### PROBLEM REQUIREMENTS
Only the lines from the top of the listing below to the line that has "Why Don’t We" should be echoed, with both ends kept and pictures left out.

### MATERIAL PROVIDED
__________________________________________________

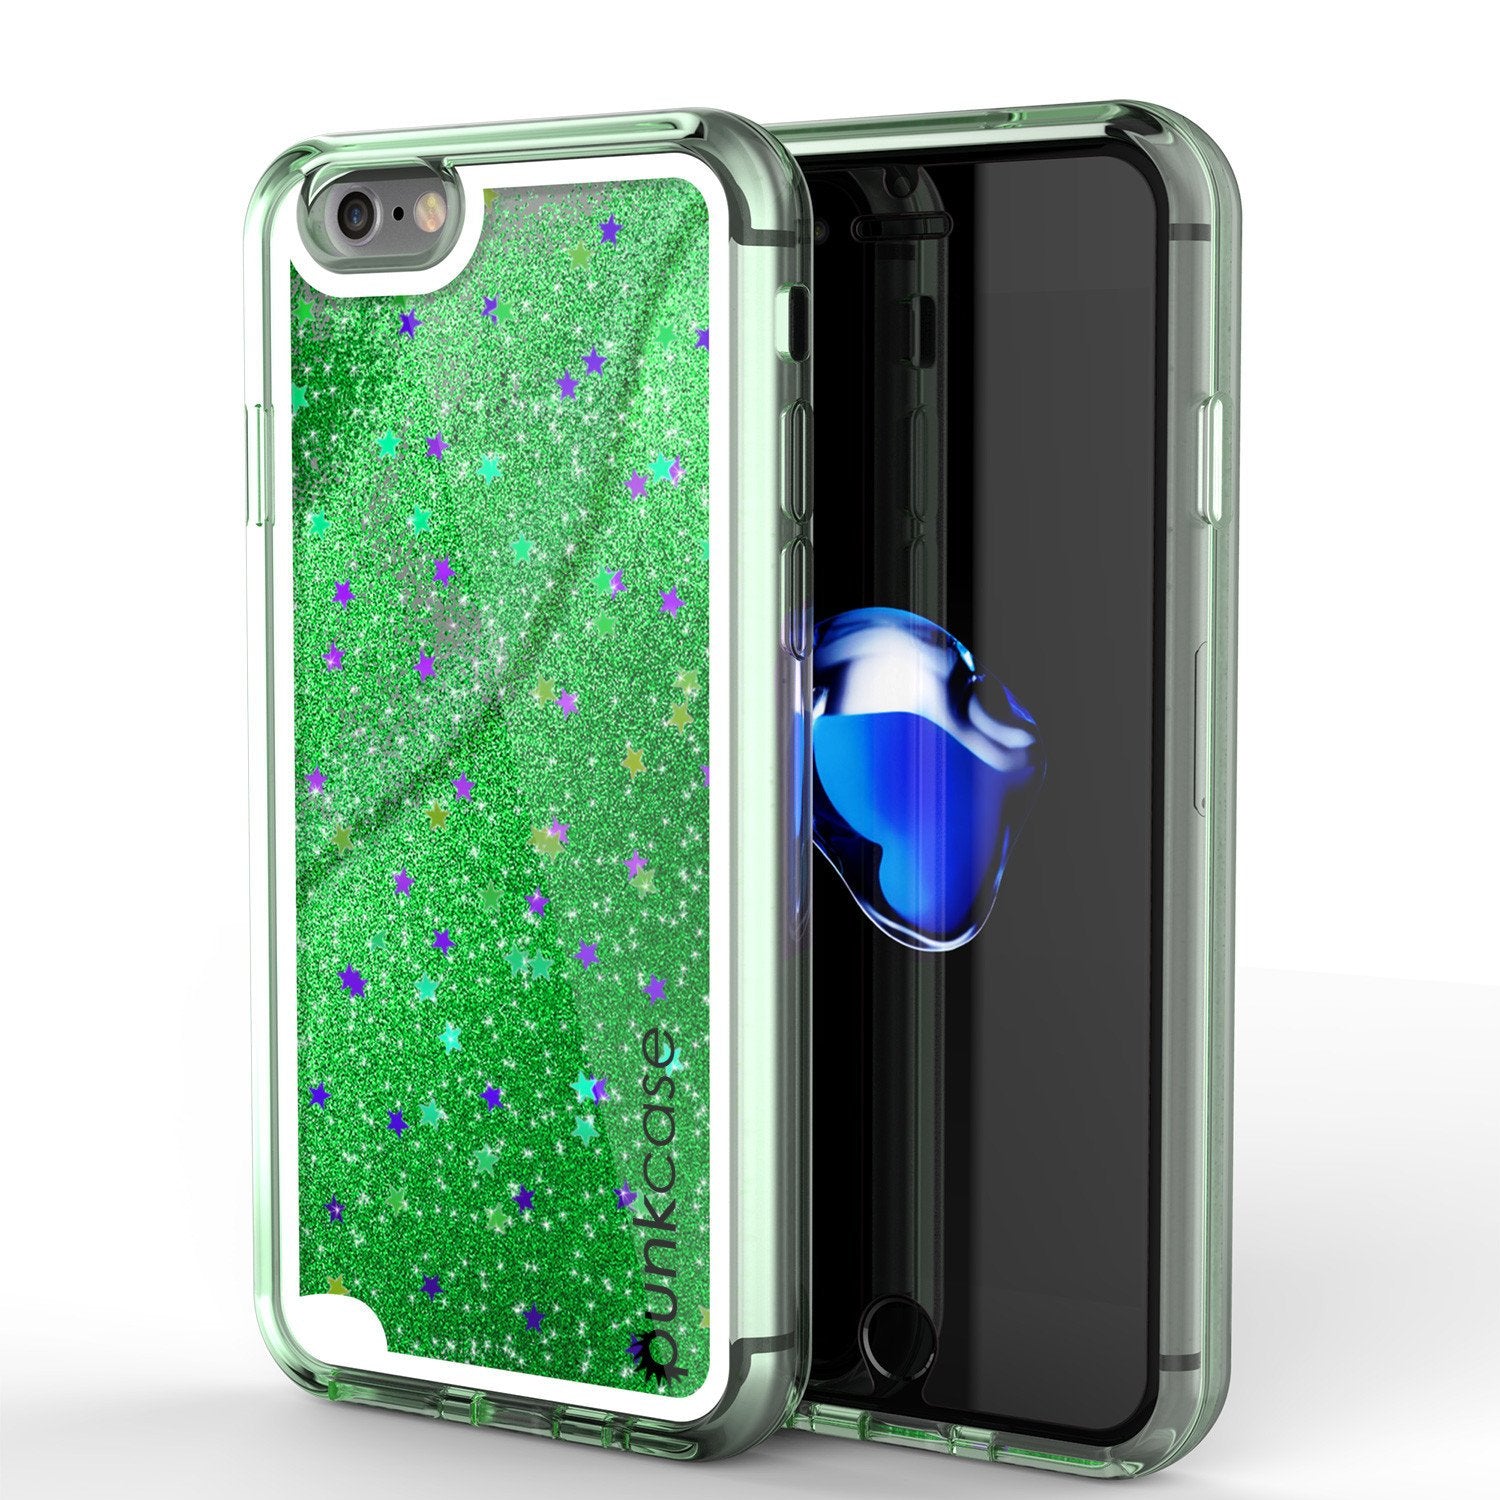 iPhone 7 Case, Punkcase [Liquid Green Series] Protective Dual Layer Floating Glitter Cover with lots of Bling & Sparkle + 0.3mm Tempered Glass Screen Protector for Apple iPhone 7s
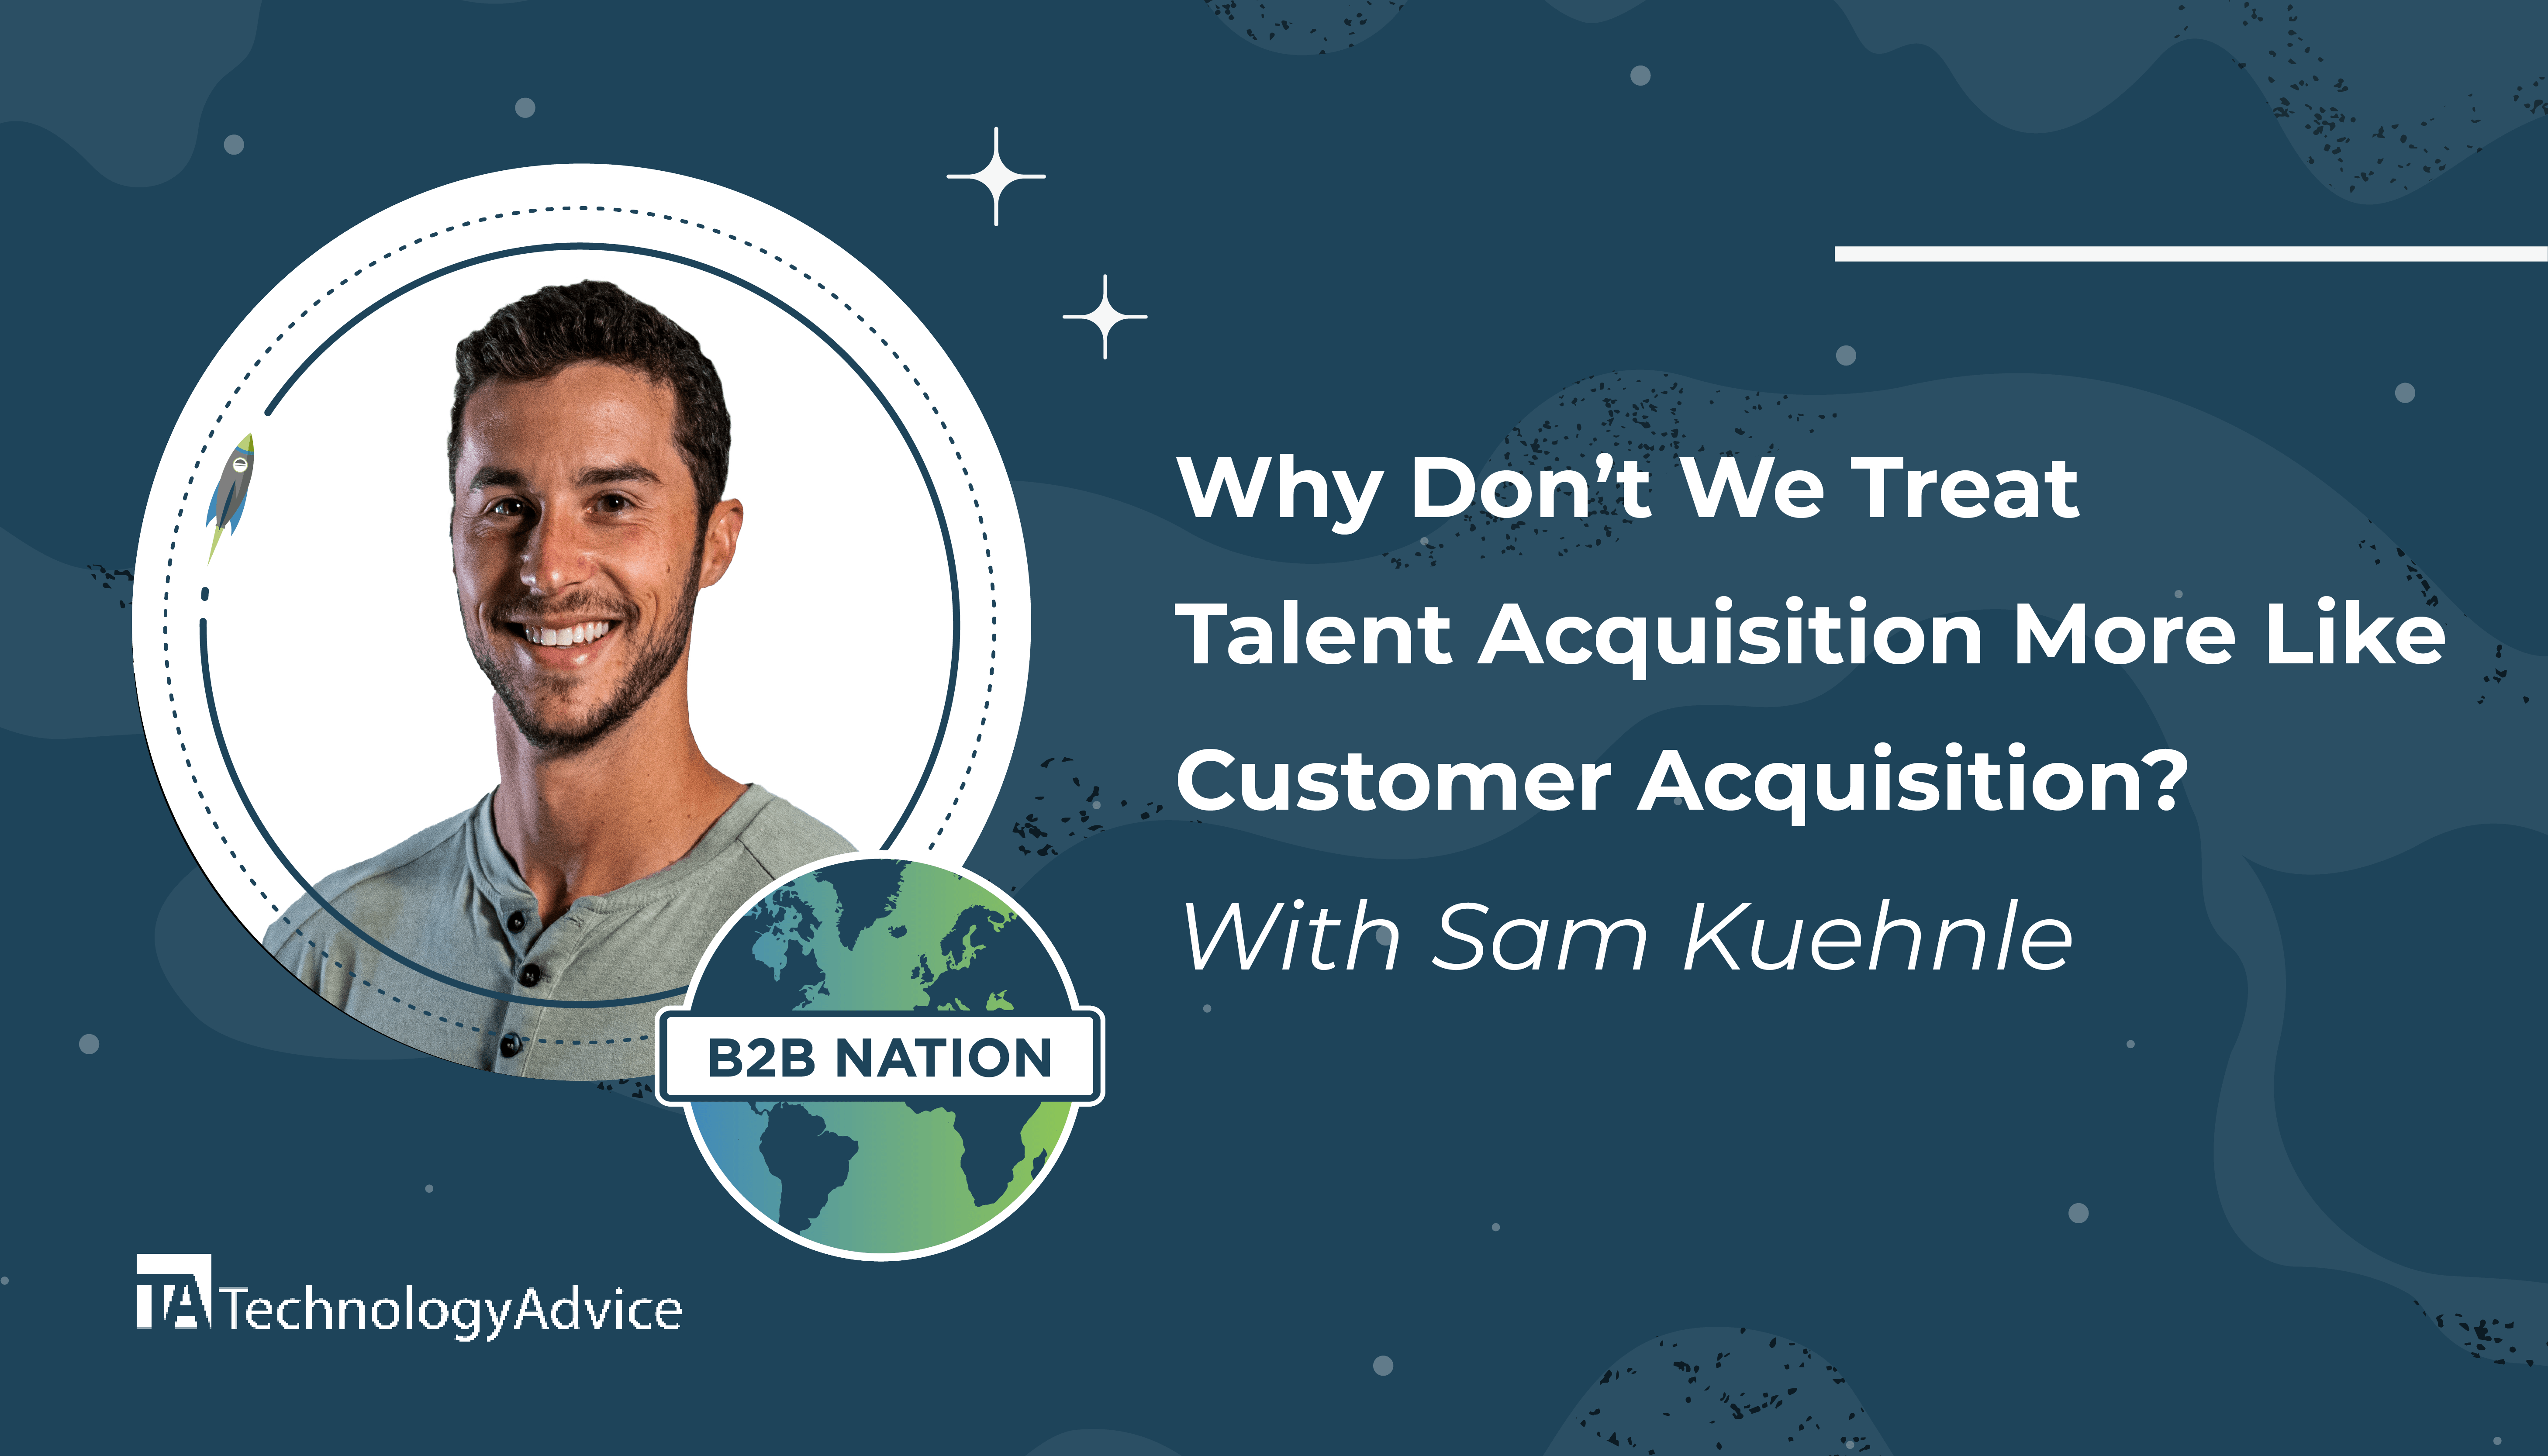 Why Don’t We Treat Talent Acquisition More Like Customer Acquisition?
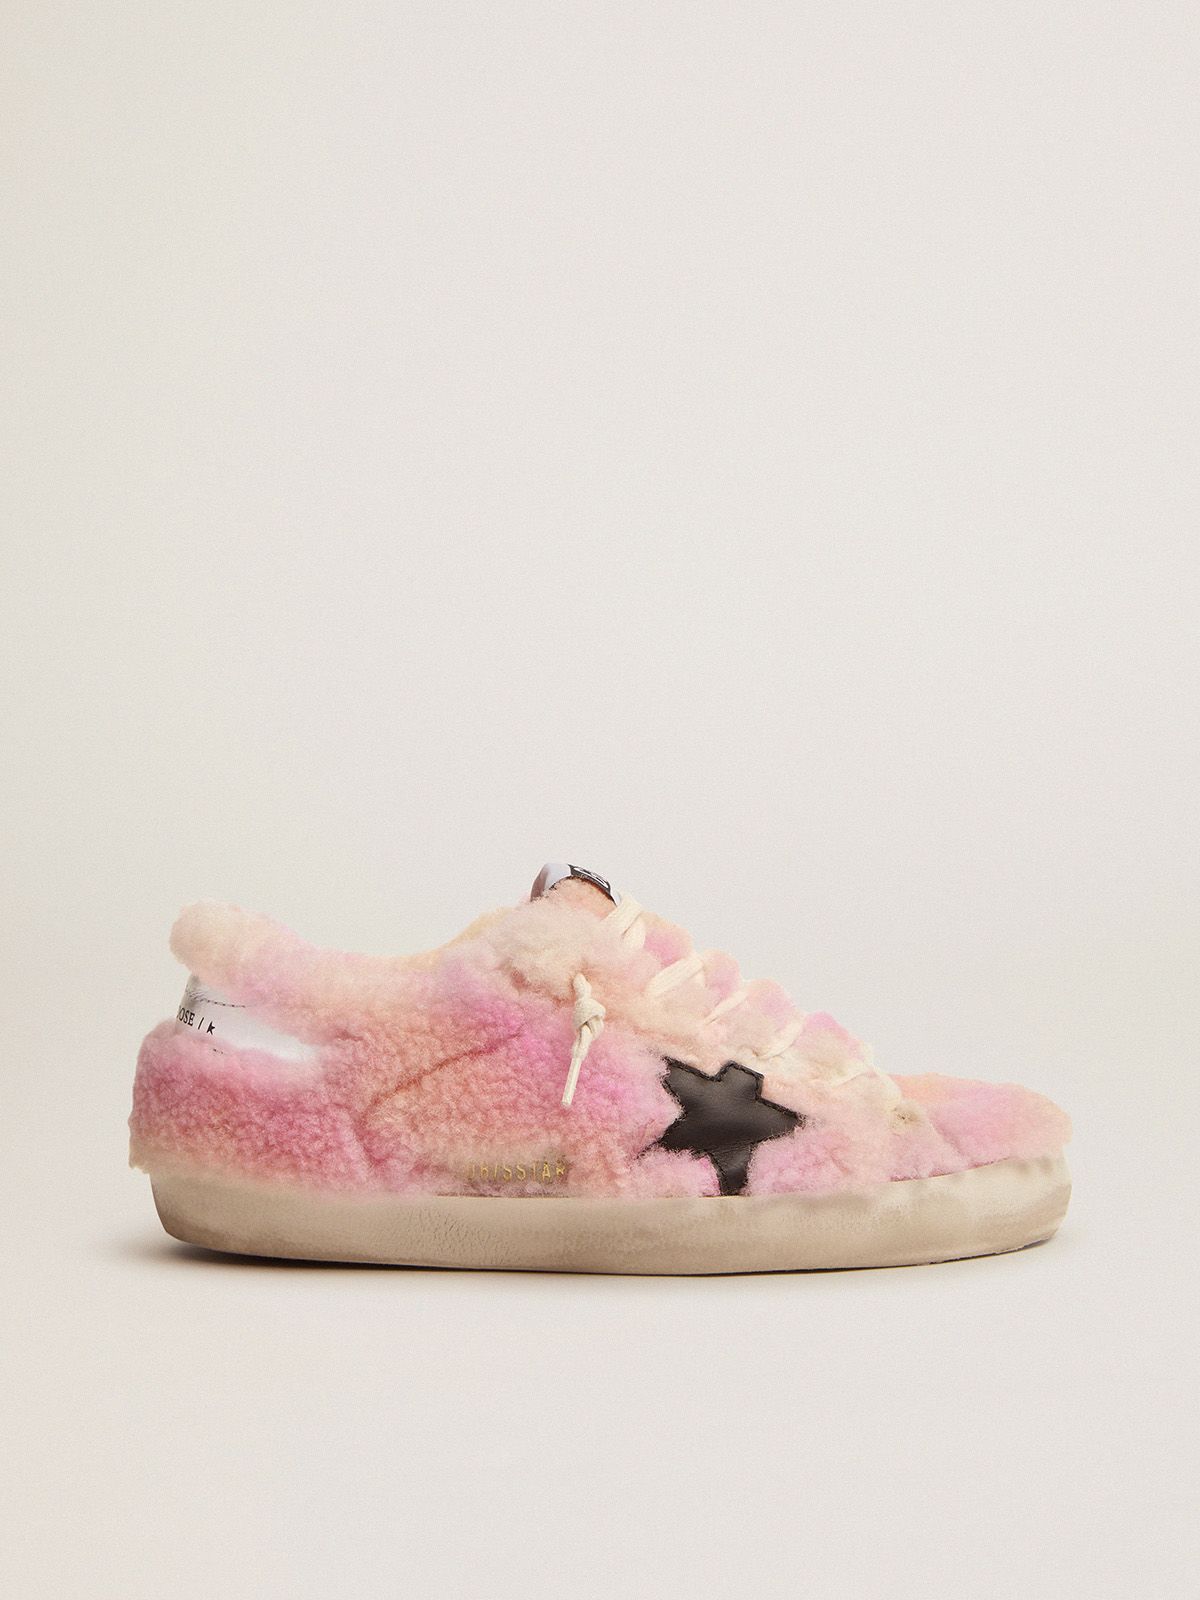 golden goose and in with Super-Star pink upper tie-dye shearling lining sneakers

__________________________________________________

### EXERCISE ANSWER
 iPhone 7 Case, Punkcase [Liquid Green Series] Protective Dual Layer Floating Glitter Cover with lots of Bling & Sparkle + 0.3mm Tempered Glass Screen Protector for Apple iPhone 7s
 Why Don’t We Treat Talent Acquisition More Like Customer Acquisition?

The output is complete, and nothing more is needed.